Work, Stairstep Ball | P.E. Calculation

[holly]

Okay, I have a ball balanced on a pole. The P.E. is given as 30 J. At the bottom of the pole, if it were to fall off, what would the P.E. be? I say zero. Okay, but now the ball is setting on top of a series of steps. The topmost step is the same height as the pole was, so I am guessing the ball has 30 J P.E. again. But, if it goes to the next step (three steps total, it is setting on the top one), I mean falls down to that step and sticks, is the P.E. one-third as much since it is one-third of the way down, or two-thirds as much, seeing as it is still 2/3 of the way up? It is going down, yes, but it's still 2/3 of the way off the ground. Does the 5dt^2 thing have anything to do the the ball now?

 

[paul11273]

I would say that the ball has a PE of two thirds it's original PE once it has lost one third of it's height. This is assuming that we are referencing it's PE with respect to the floor (bottom of the stairs.
Remember that PE=mgh where mg is the weight (mass*gravity) and h is the height. Since it is only two third the original height, it should have only two thirds the original PE.

As for the "5dt^2 thing," I have no idea what you are talking about. Can you elaborate?

 

[Vodka]

doesn't it depend on the place you take to be 'zero potential energy'? if you set it to the center of the earth, for instance, it has a long ways to go. further still if you make it the center of the galaxy =P . but if you're assuming that the bottom of the stairs is ZPE then when it is a third of the way down, it would have two thirds of the energy remaining as compared to when it started. since the equation I'm guessing youd use is Ep = mgh, m and g are constant [cuz i doubt the changes from e = mc^2 and g = Gm/r^2 would make a difference :) ] so h is the only factor that really makes a difference here. h' is two thirds h, [or, it still has two thirds of the distance to fall] the energy at that point is also 2/3. did that help any? ^^

and i don't know about that 5dt^2 equation you're referring to, sorry :(

 

[marcus]

Originally posted by holly
... two-thirds as much, seeing as it is still 2/3 of the way up? It is going down, yes, but it's still 2/3 of the way off the ground...
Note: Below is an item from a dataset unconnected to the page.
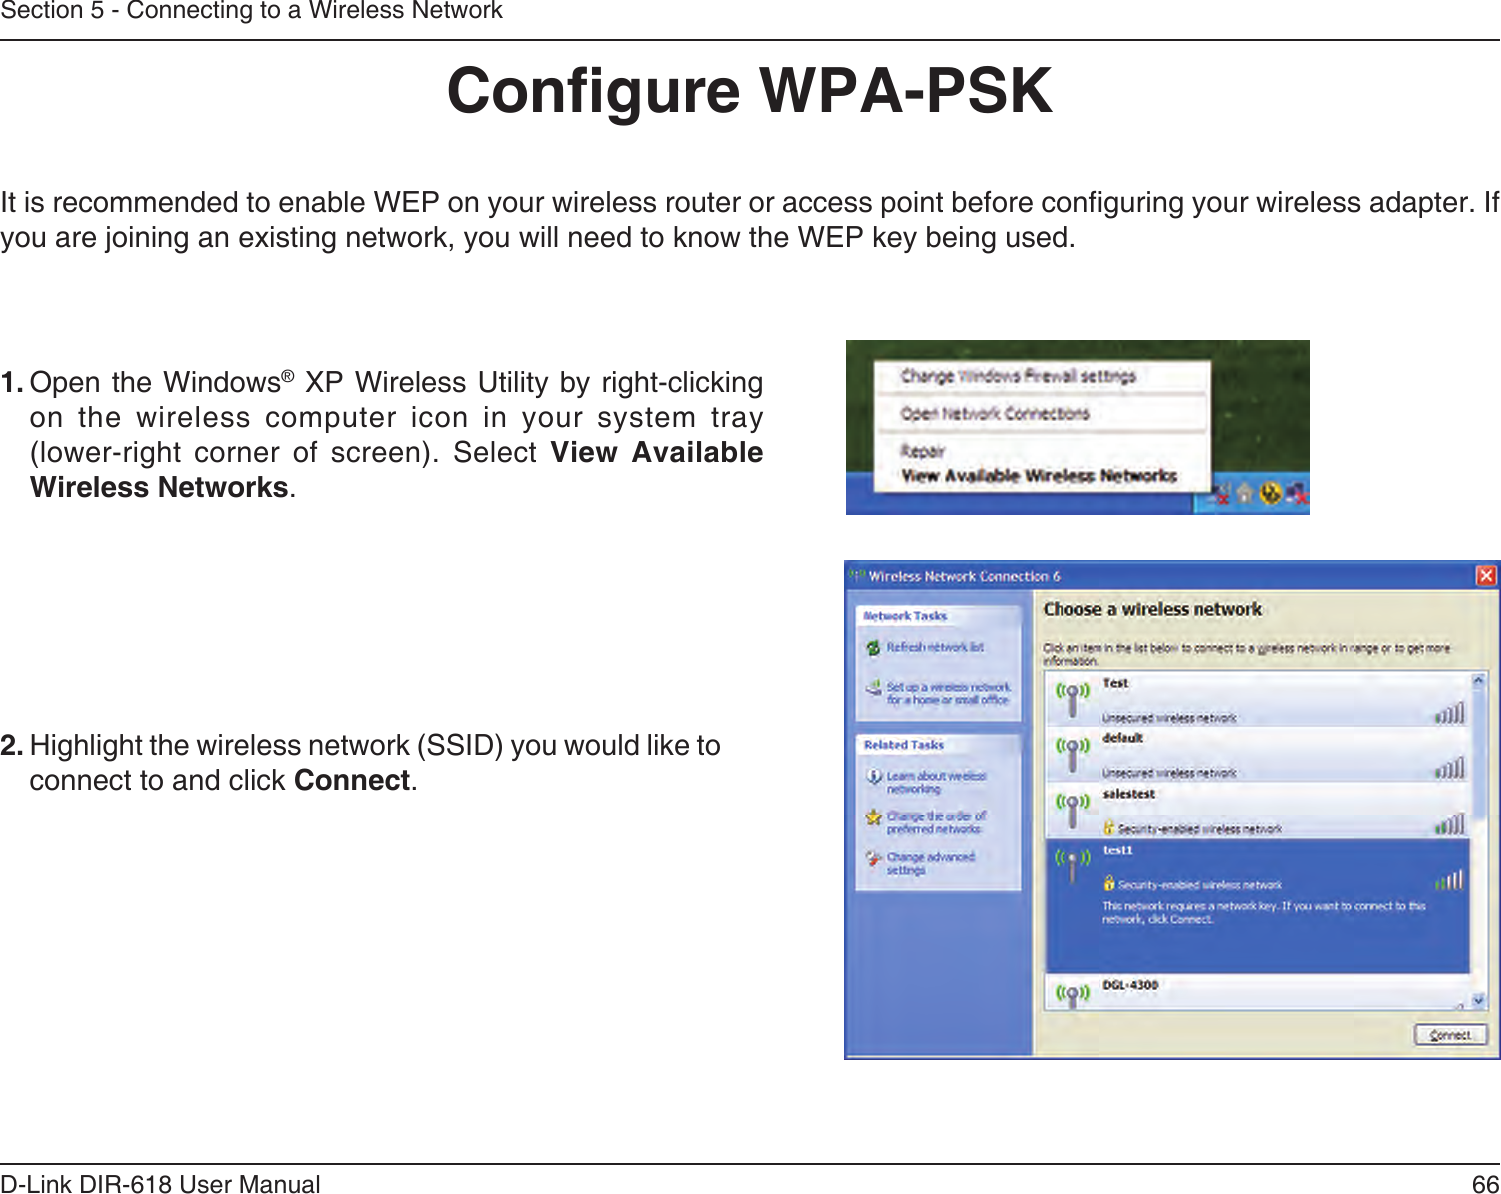 66D-Link DIR-618 User ManualSection 5 - Connecting to a Wireless NetworkCongure WPA-PSKIt is recommended to enable WEP on your wireless router or access point before conguring your wireless adapter. If you are joining an existing network, you will need to know the WEP key being used.2. Highlight the wireless network (SSID) you would like toconnect to and click Connect.1. Open the Windows® XP Wireless Utility by right-clickingon  the  wireless  computer  icon  in  your  system  tray(lower-right  corner  of  screen).  Select  View Available Wireless Networks. 
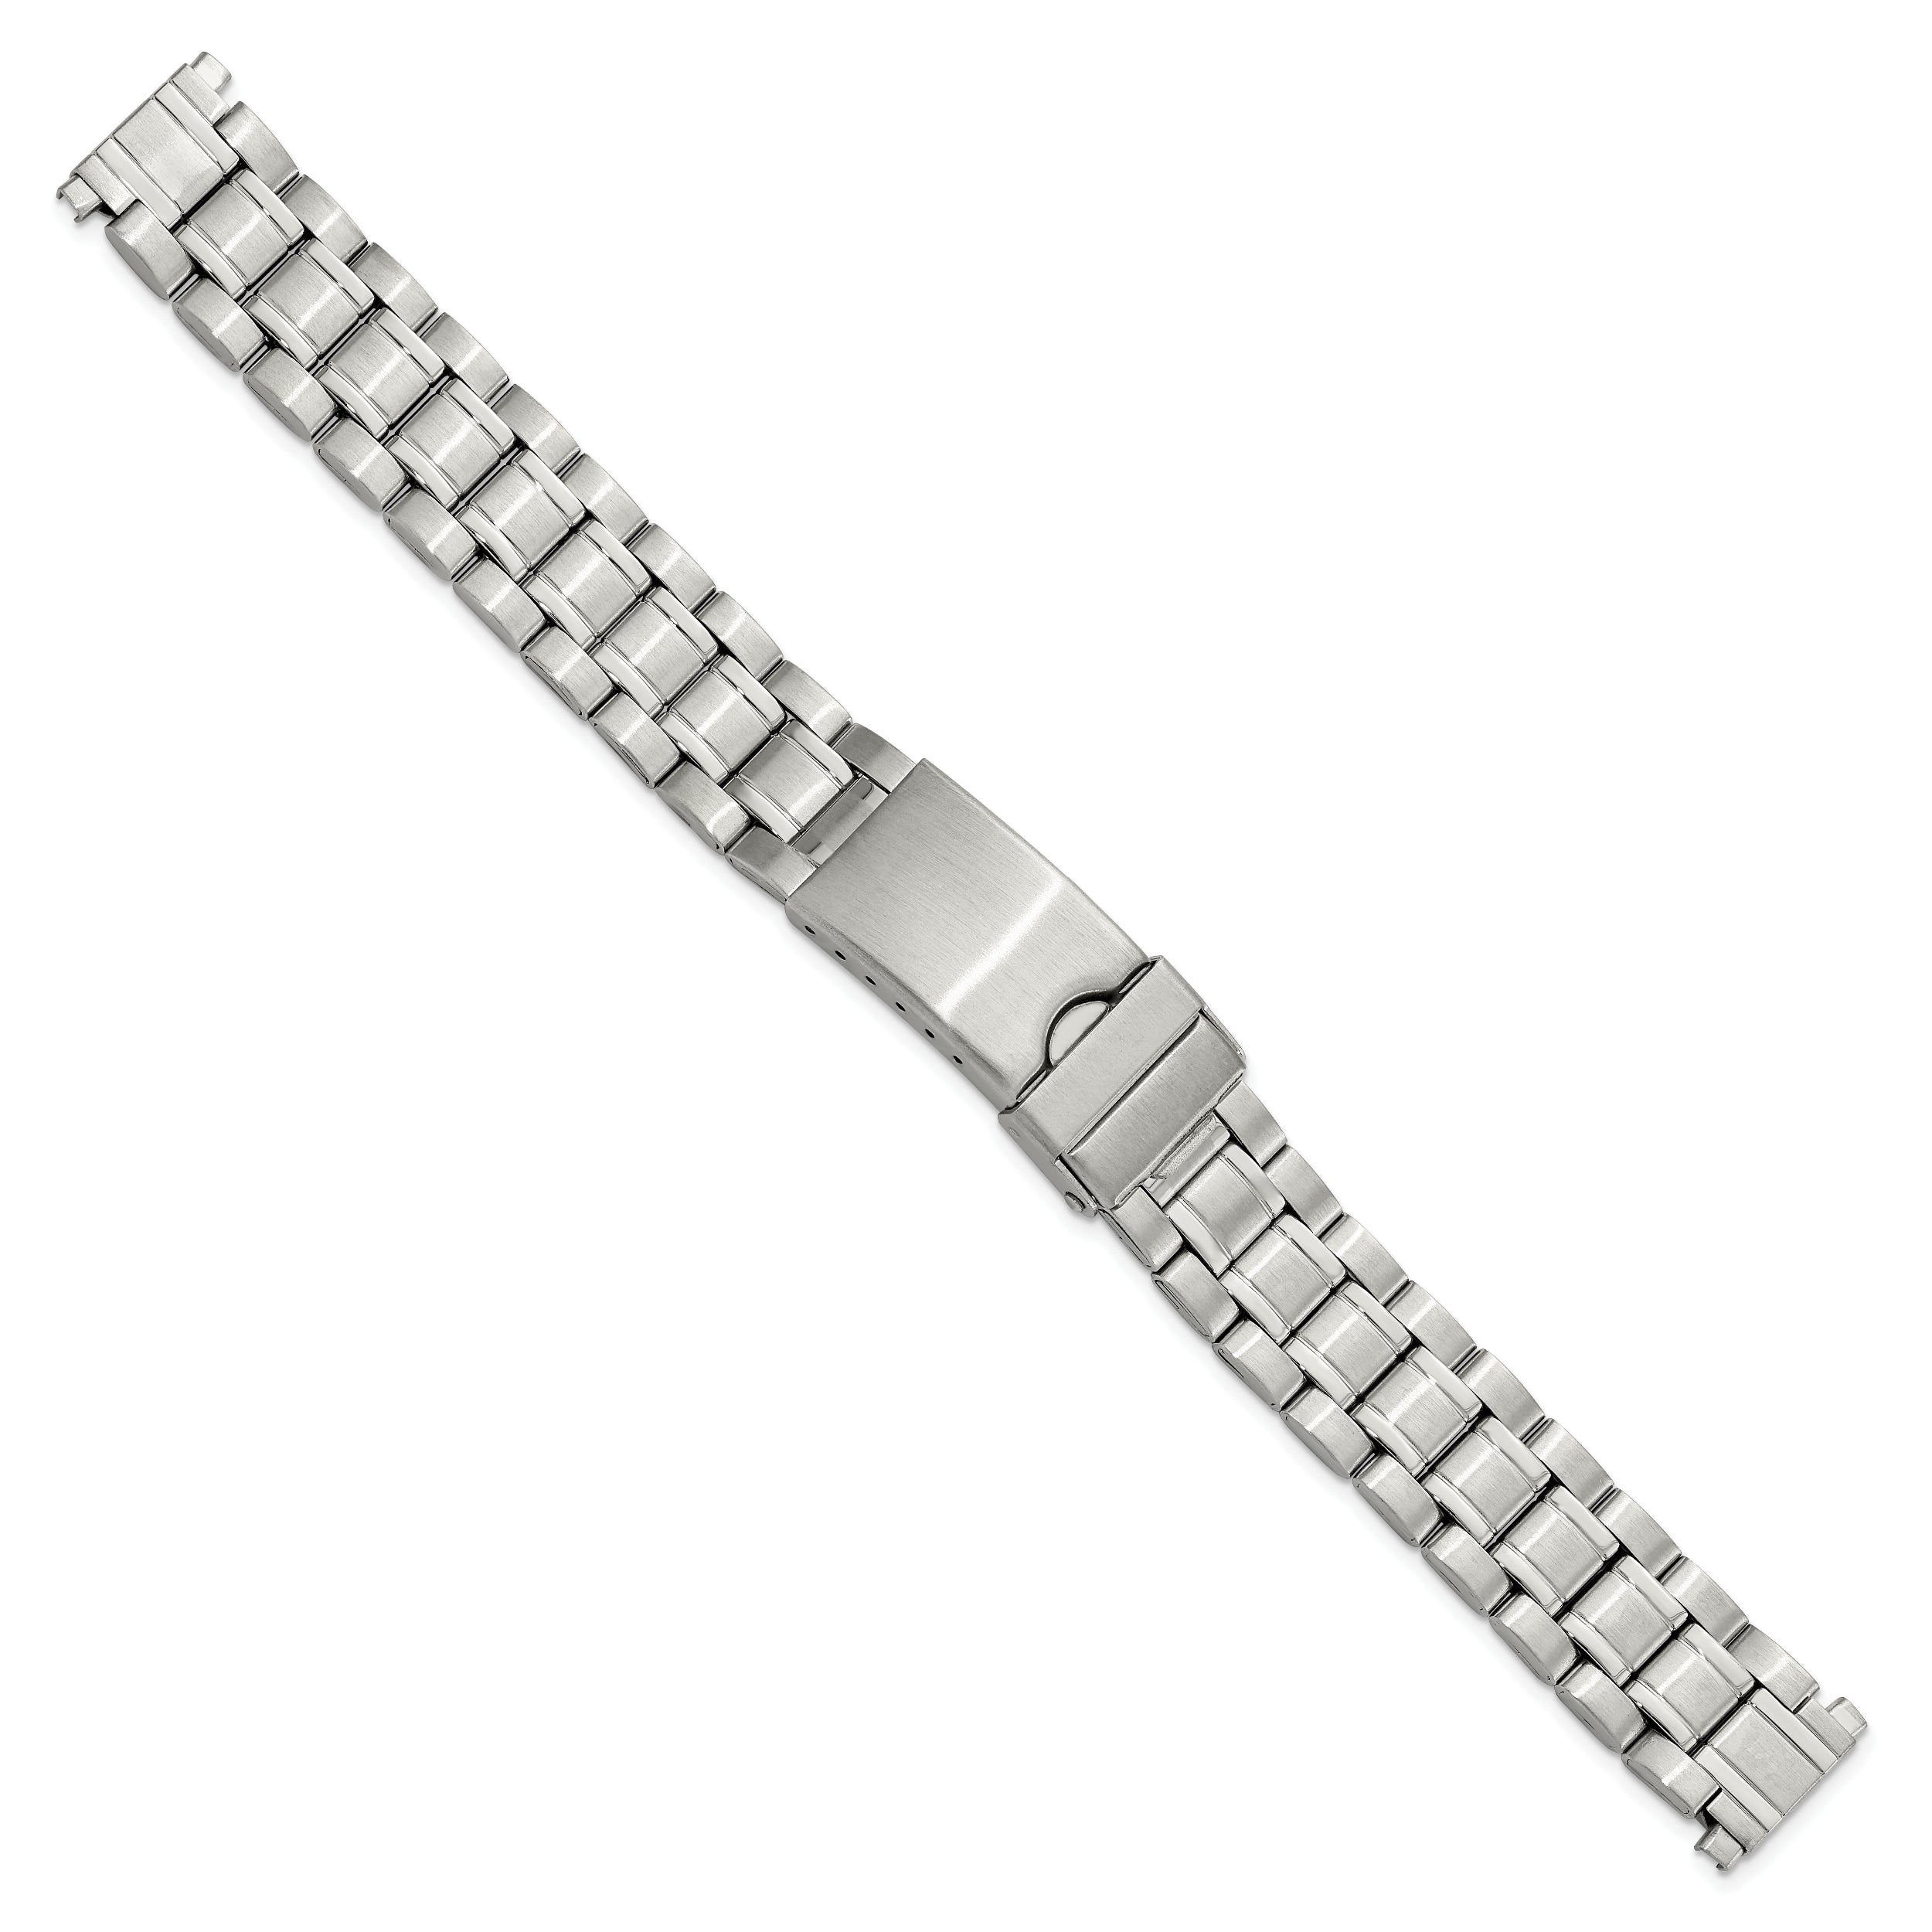 12-16mm Ladies Satin and Polished Stainless Steel Oyster-Style with Deployment Buckle 7 inch Watch Band

that seems quite reasonable to me
it has 2/3 as much altitude so it must
have 2/3 as much PE

anyone see a flaw in that?


Personally I don't see how the 5dt^2 thing is relevant since yr not being
asked about the time it takes to fall
only the change in PE

------------------
edit: I think what holly means by the 5dt^2 thing is that
the distance something falls in time dt is
about 5 meters per second² times the square of the time it has been falling----(dt)²

but the problem does not involve calculating the falling time, dt, or calculating anything else from the falling time. so that formula plays not role.

 

[marcus]

paul, vodka,

what do you bet she will be back with another question
I think it is better than even odds.

 

[Vodka]

i think i did more difficult stuff in grade 10 and should move my question in the k-12 forum into this one so it'll get attention [honors physics class, cover first/2nd year university stuff anyways]

 

[holly]

Youse are getting mean.

Thank you for the help given. I won't ask more questions.

 

[marcus]

Originally posted by holly
Youse are getting mean.

Thank you for the help given. I won't ask more questions.

why?

I was hoping you would!
didnt realize we were mean sounding

 

[marcus]

for goodness sake holly, nobody meant to sound mean

we all like getting physics problems questions

if you have more it would be shame not to ask them!

BTW where did you find the remake of the quote from
a Famous Physicist, it is a very funny take-off of what
he said (in all his false modesty) about seeing more
than others because he stood on giants shoulders.

 

[Vodka]

indeed, no offence intended sorry [b(]

and even if we did, by listening to us you'd just be hurting yourself since you wouldn't be using such a valuable asset. i think its about as much fun to give help as it is to get it and i'll be damned if i don't need help right now...

 

[holly]

hmph...I wouldn't blame anyone for being tired of my stupid questions. I am so sick of not understanding, embarrassed, too.

I made up the take-off on Newton's remark. Ha ha, it's how I feel.

Thanks for answering the questions.

 

[paul11273]

Glad to see you are back.

Don't be embarrassed about not understanding. If everyone understood, this forum would not exist. We all have something we get stuck on. I am glad to have found this forum, and I have had a few questions answered so far.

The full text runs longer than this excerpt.